The first of these is just a smaller TRSM with a 2×2 system, and in the second we can bring the $X_1$ term to the right-hand side, yielding

$L_{22} X_2 = B_2 - L_{21} X_1$

On the right-hand side, we have a matrix multiply of values we already know (we computed $X_1$ with the smaller TRSM, and everything else is given). Compute the result of that, and we have another TRSM, this time with a 4×4 system.

The matrix multiply here is one instance of a GEneral Matrix Multiply (GEMM). The corresponding BLAS function computes $C \leftarrow \alpha AB + \beta C$, where the left arrow denotes assignment, A, B, and C are matrices, and α and β are scalar values. In this particular case, we would have $A=L_{21}$, $B=X_1$, $C=B_2$, $\alpha=-1$ and $\beta=1$.

So we cut the matrix into two parts, did a bit of algebra, and saw that our TRSM with a 6×6 L can be turned into a 2×2 TRSM, a GEMM of a 4×2 by a 2×2 matrix, and finally a 4×4 TRSM. Note the function of the matrix multiply: once we’ve computed two unknowns, we need to subtract out their contributions from every single equation that follows. That’s what the GEMM does. It’s the first matrix multiply we’ve seen, but does it matter?

Well, the next thing to realize is that we can do the splitting trick again for the 4×4 TRSM, turning it into 2 even smaller TRSM, plus another GEMM. But now that we’ve establishes the idea of using blocks, let’s skip to a somewhat more serious problem size, so it becomes clear why this is interesting.

Let’s say our A is 1000×1000 (so 1000 equations in 1000 unknowns); its LU factors are the same size. This time, let’s say we’re doing 20 right-hand sides at once, and working in blocks of 30×30. We have the same equation as before:

$\begin{pmatrix} L_{11} & 0 \\ L_{21} & L_{22} \end{pmatrix} \begin{pmatrix} X_1 \\ X_2 \end{pmatrix} = \begin{pmatrix} B_1 \\ B_2 \end{pmatrix}$

but this time $L_{11}$ is 30×30 unit lower triangular, $L_{21}$ is 970×30, $L_{22}$ is 970×970 unit lower triangular, $X_1$ and $B_1$ are 30×20, and $B_1$ and $B_2$ are 970×20. Again we do the same 3 steps:

1. $X_1 \leftarrow L_{11}^{-1} B_1$ (TRSM, 30×30 matrix times 30×20 RHS)
2. $B_2 \leftarrow B_2 - L_{21} X_1$ (GEMM, 970×30 times 30×30)
3. $X_2 \leftarrow L_{22}^{-1} B_2$ (TRSM, 970×970 times 970×30)

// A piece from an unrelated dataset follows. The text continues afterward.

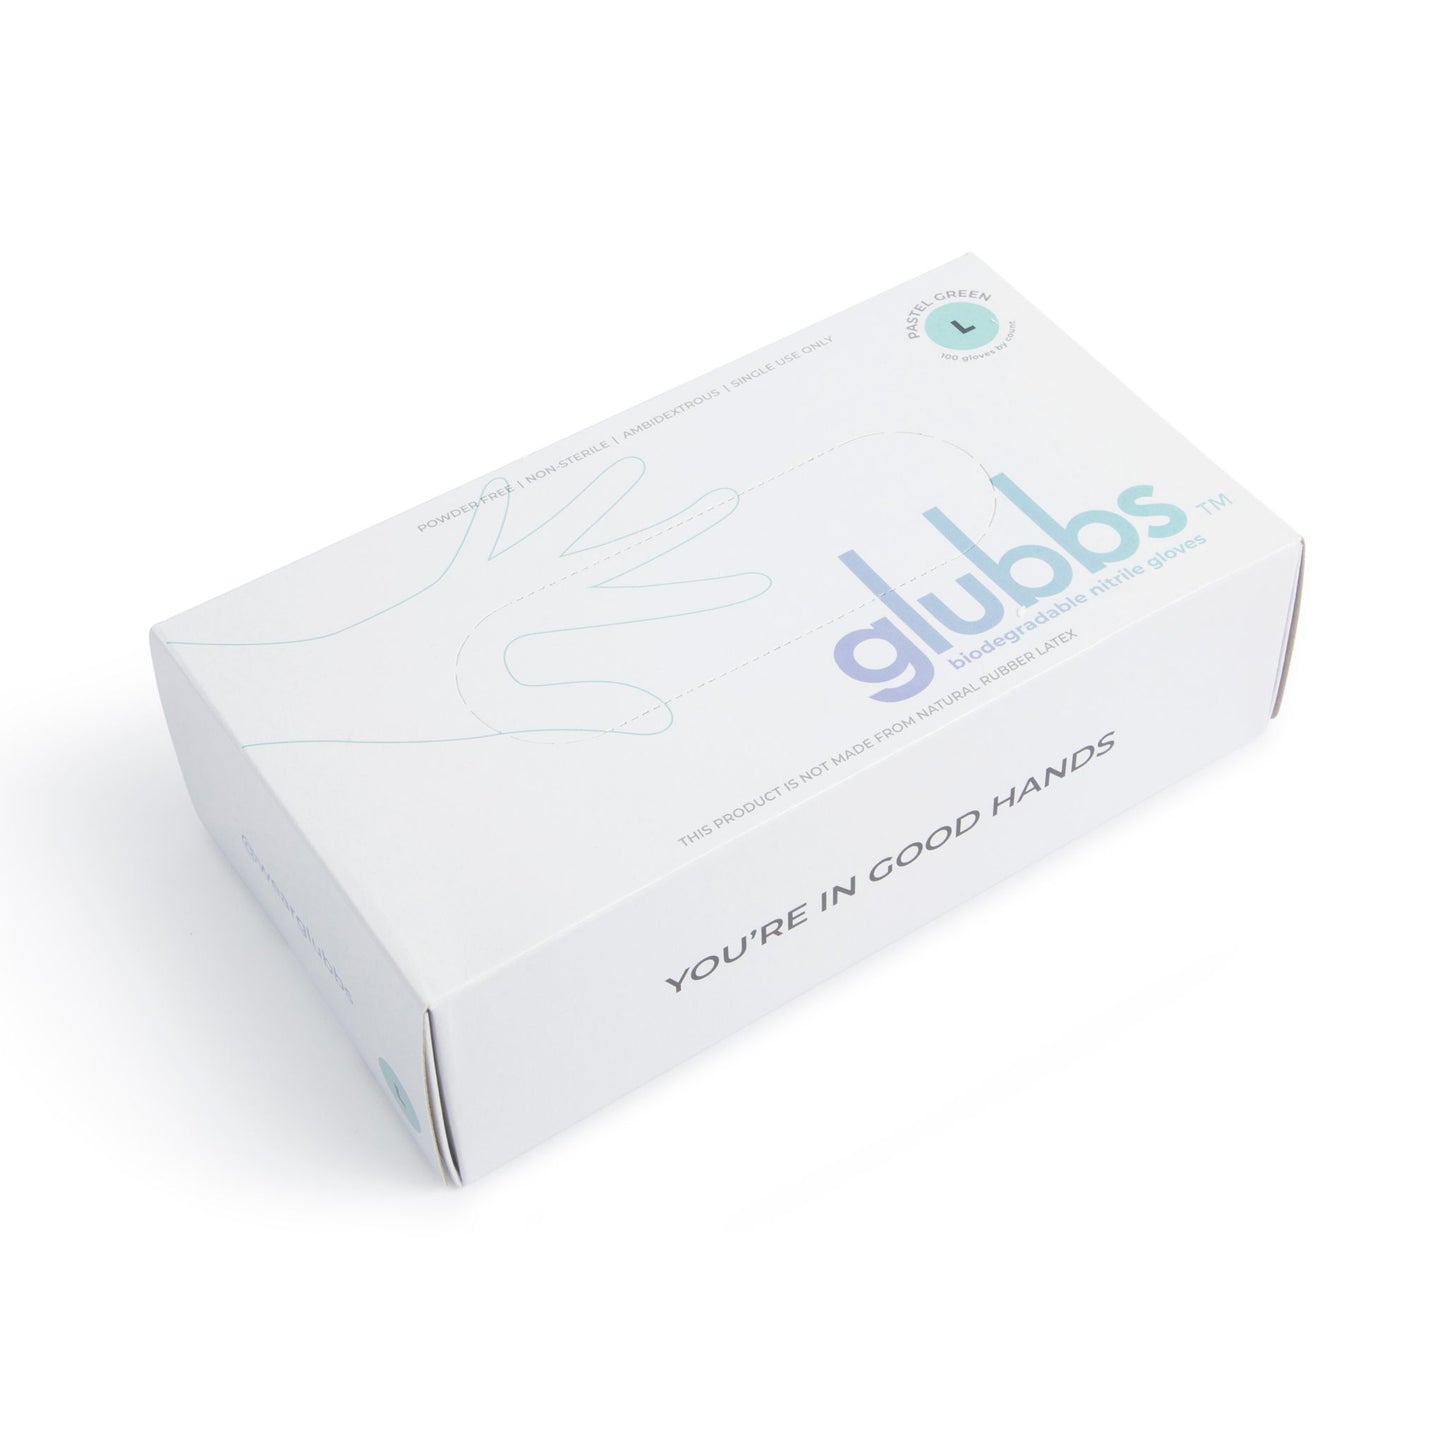 Glubbs - Biodegradable Nitrile Gloves (1 box x 100 gloves)

Now the computational cost of both a m×n-by-n×p TRSM and a m×n-by-n×p GEMM (the middle dimensions always have to match) are both roughly 2×m×n×p floating-point operations (flops, not to be confused with all-uppercase FLOPS, which conventionally denote flops/s, because nomenclature is stupid sometimes). Which means the first step above (the medium TRSM) has on the order of 1800 flops, while the second step (the GEMM) takes 873000 flops. In short, of these two steps, step 1 is basically a rounding error in terms of execution time.

And note that we’re splitting a large × TRSM into a medium × medium TRSM, a large × small GEMM, and a final large × large (but smaller than the original) TRSM. And we can keep doing the same splitting process to that remaining large TRSM, until it becomes small as well. In short, this process allows us to turn a large TRSM into a sequence of medium-size TRSM (always the same size), alternating with large-size GEMMs (which keep getting smaller as we proceed down). And what happens if you look at the matrix as a whole is that we end up doing a small amount of actual TRSM work near the diagonal, while the rest of the matrix gets carpet-bombed with GEMMs.

In short, even though what we wanted to do was solve a pre-factored linear systems for a bunch of different right-hand sides, what the computer actually ended up spending its time computing was mostly matrix multiplies. The GEMM calls are coming from inside the solver! (Cue scary music.)

Alright. At this point you might say, “fair enough, that may indeed be what happens if you use this TRSM thing that for all we know you just made up, but I for one am not ever asking the computer to solve the same equation with 50 different right-hand sides in a batch, so how does this apply to me?” Okay then, let’s have a look at how LU factorizations (which so far I’ve assumed we just have lying around) are actually computed, shall we? (And again, note I’m ignoring pivoting here, for simplicity.)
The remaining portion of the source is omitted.